On the computer security side of things, a dedicated Chromebook for banking is a cheap bit of insurance against malware.

I will second this.

Anytime you turn a chromebook on and off it clears everything. To my knowledge turning a Chromebook off and on again is akin to completely clearing a normal PC and then booting it from the original boot disk. It clears everything. Except instead of hours, a Chromebook does this in about 10 seconds. It also treats everything suspicious, like a virus, until proven otherwise. They can't run downloadable programs, like excel, which means most viruses couldn't run on a Chromebook even if they made it past the other defenses.
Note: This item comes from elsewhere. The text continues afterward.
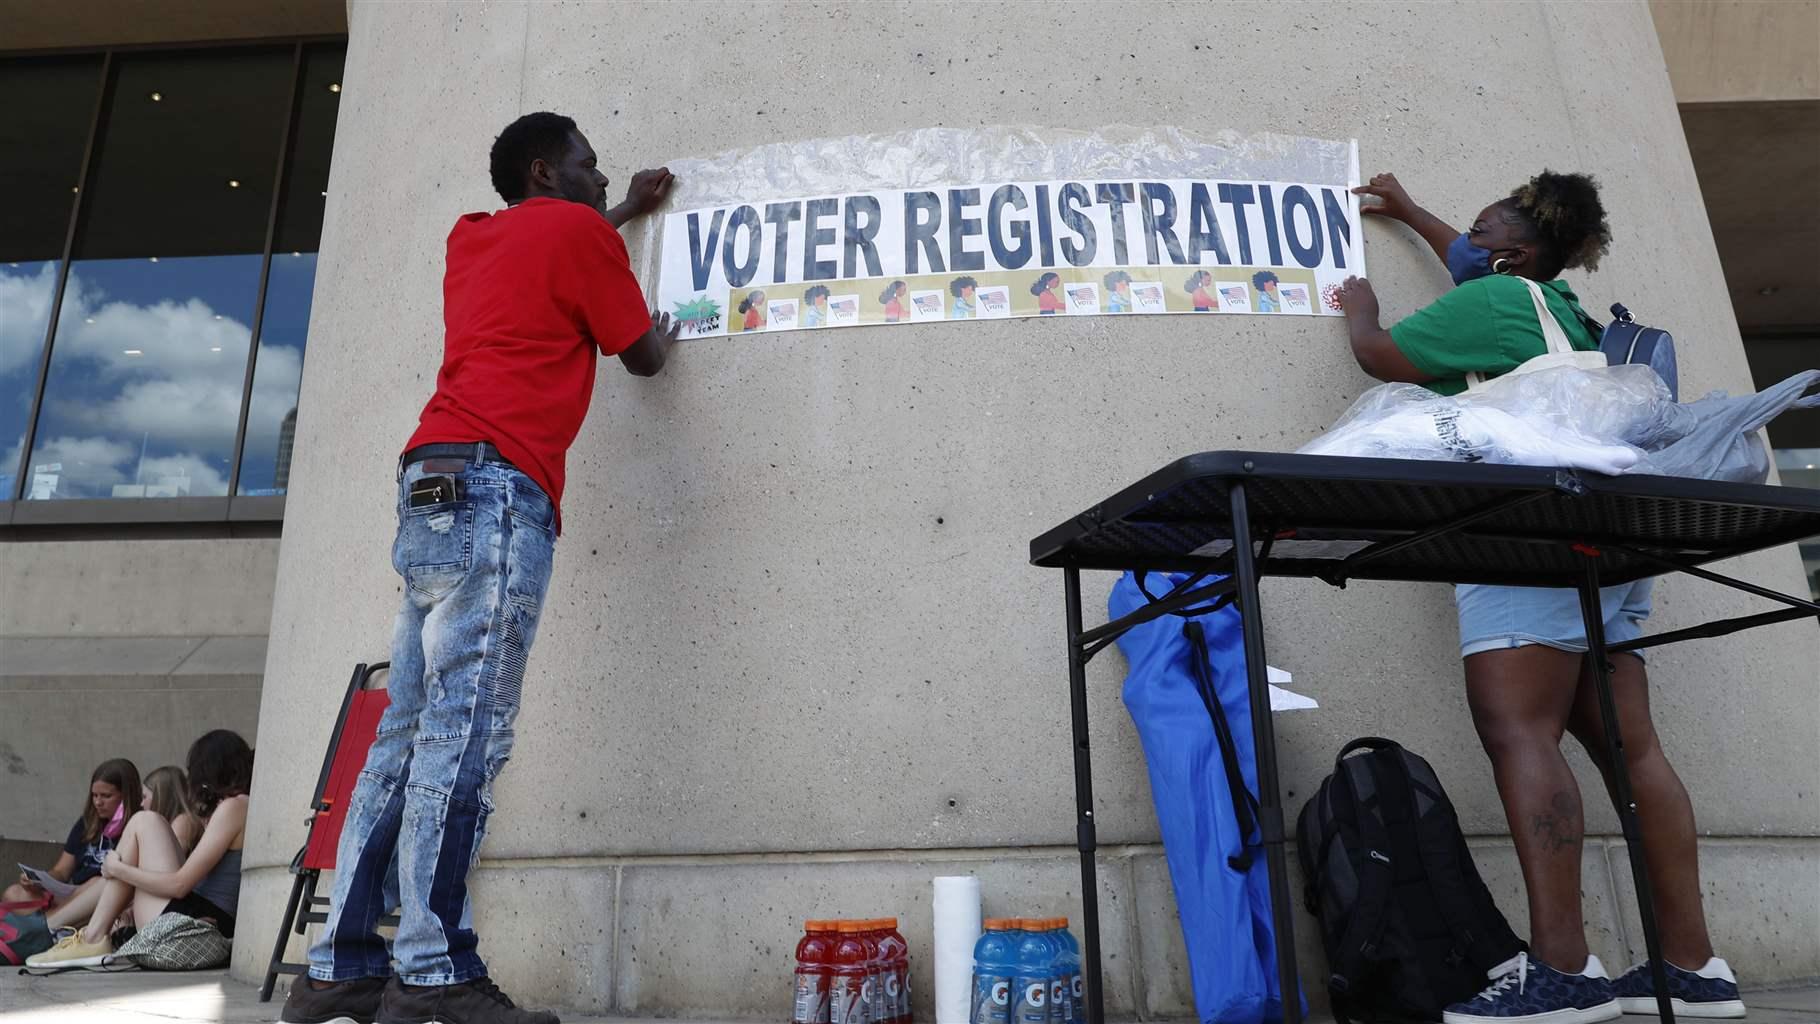 Voter registration volunteers

I use a chromebook for all my financial transactions, and I just make sure to restart it first. You can restart one in under 30 seconds so it's not a big deal.
Title: Re: How much should we worry about identity theft?
Post by: Syonyk on October 30, 2016, 08:32:27 AM
Not exactly,but close enough. Trusted boot is a great thing.

Turn off extension sync if you sign in, though. Or just use the guest account for financial stuff.